We then took a closer look at these elections’ most important question: would Republicans win control of the Senate? In this case, Hypermind again out-performed all the models, as can be seen in the chart below. Except for the Washington Post’s, all the models remained, throughout the comparison period, much less confident than Hypermind in the Republican’s ultimate control of the Senate.

 midterms2014Senate

The Washington Post model, although more unstable that any other – notice the large dip around 50% from late august to mid-september – did particularly well at the end of the campaign, so Hypermind’s advantage isn’t as visually obvious as it is against the other models. However, if we compute the average daily brier scores over the entire period during which the Washington Post and Hypermind operated in parallel – from early july to election day – we find a 36% accuracy advantage for Hypermind (.096) over the Washington Post (.150).

There is an important lesson to be learned here: even in this age of big data and super computers, human collective intelligence is still our best means of predicting the future.
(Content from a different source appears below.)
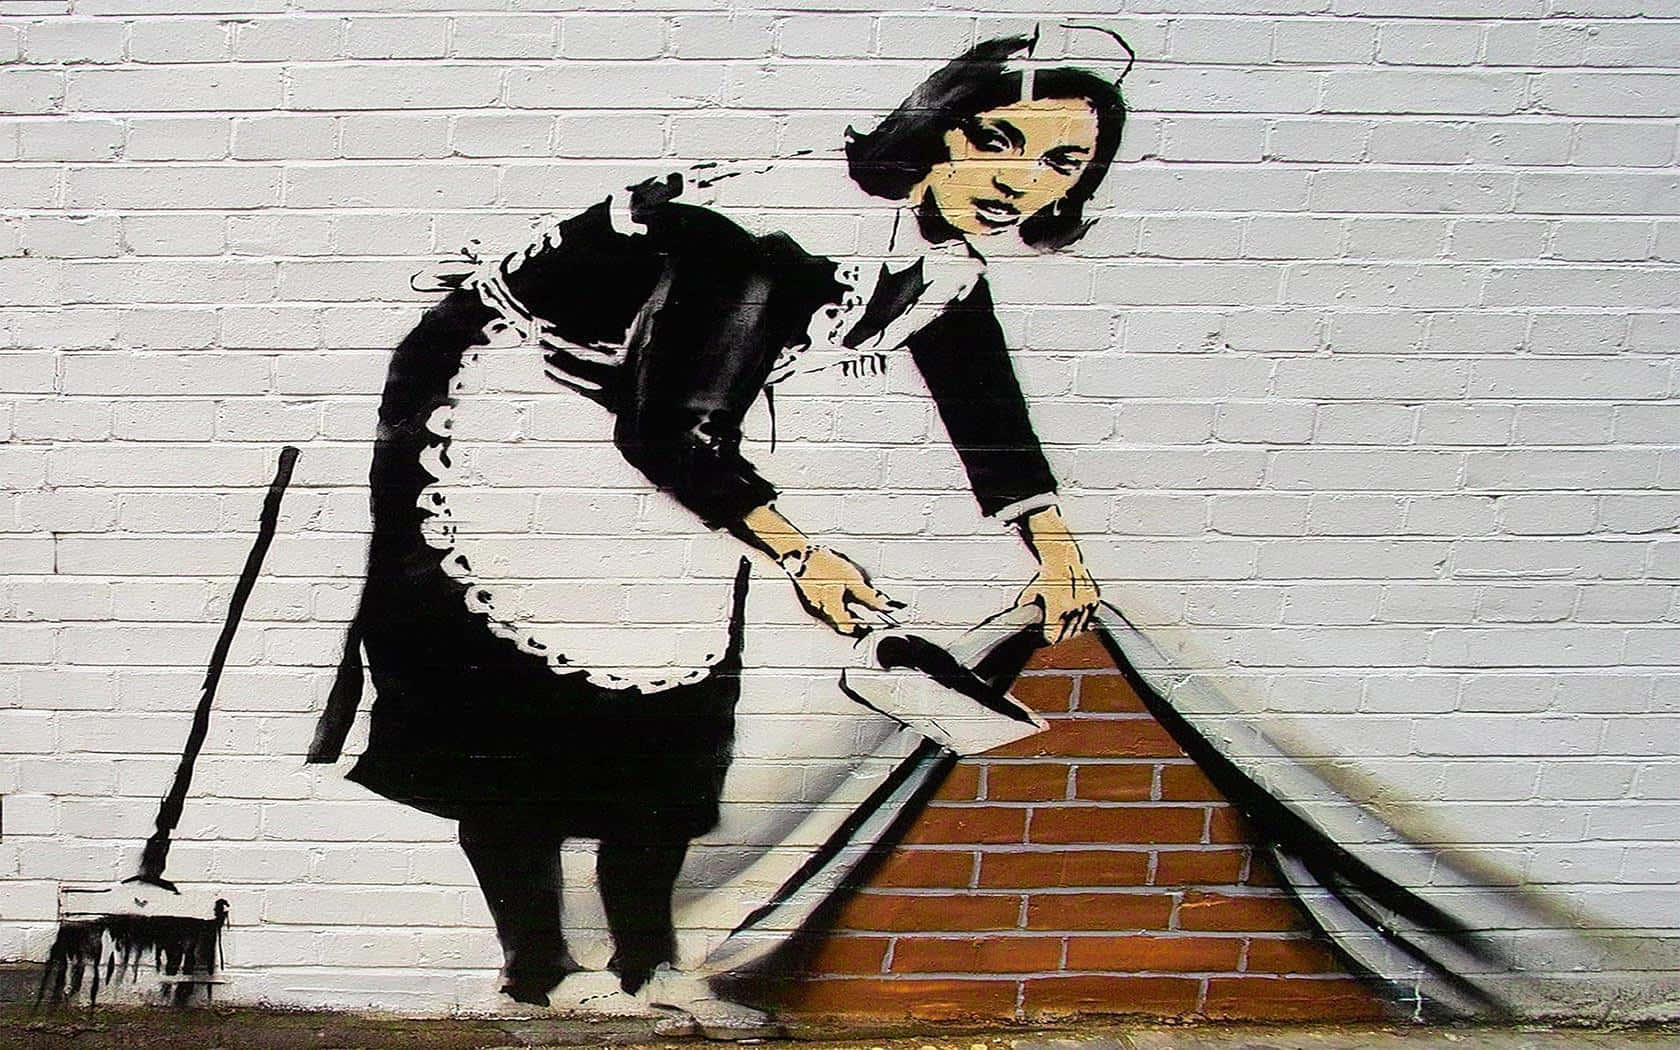 Banksy's street art against the backdrop of an urban landscape

Isn’t that reassuring?

Notes
(*) The periods of comparison for each question were as follows: Senate Control [sept. 3 to nov. 4]; IA, KS, CO, NC [oct. 9 to nov. 4]; GA [oct. 20 to nov. 4].
(**) Computing mean daily brier scores over entire forecasting periods, like we do here, is also how the geopolitical predictions of the IARPA-sponsored Good Judgment Project are being scored by the U.S. Government.
Data Sources
Hypermind’s daily closing prices for each contract are available for download in Excel format.
Models’ data were recorded by the New York Times here and here. Available for download courtesy of the Upshot’s Josh Katz.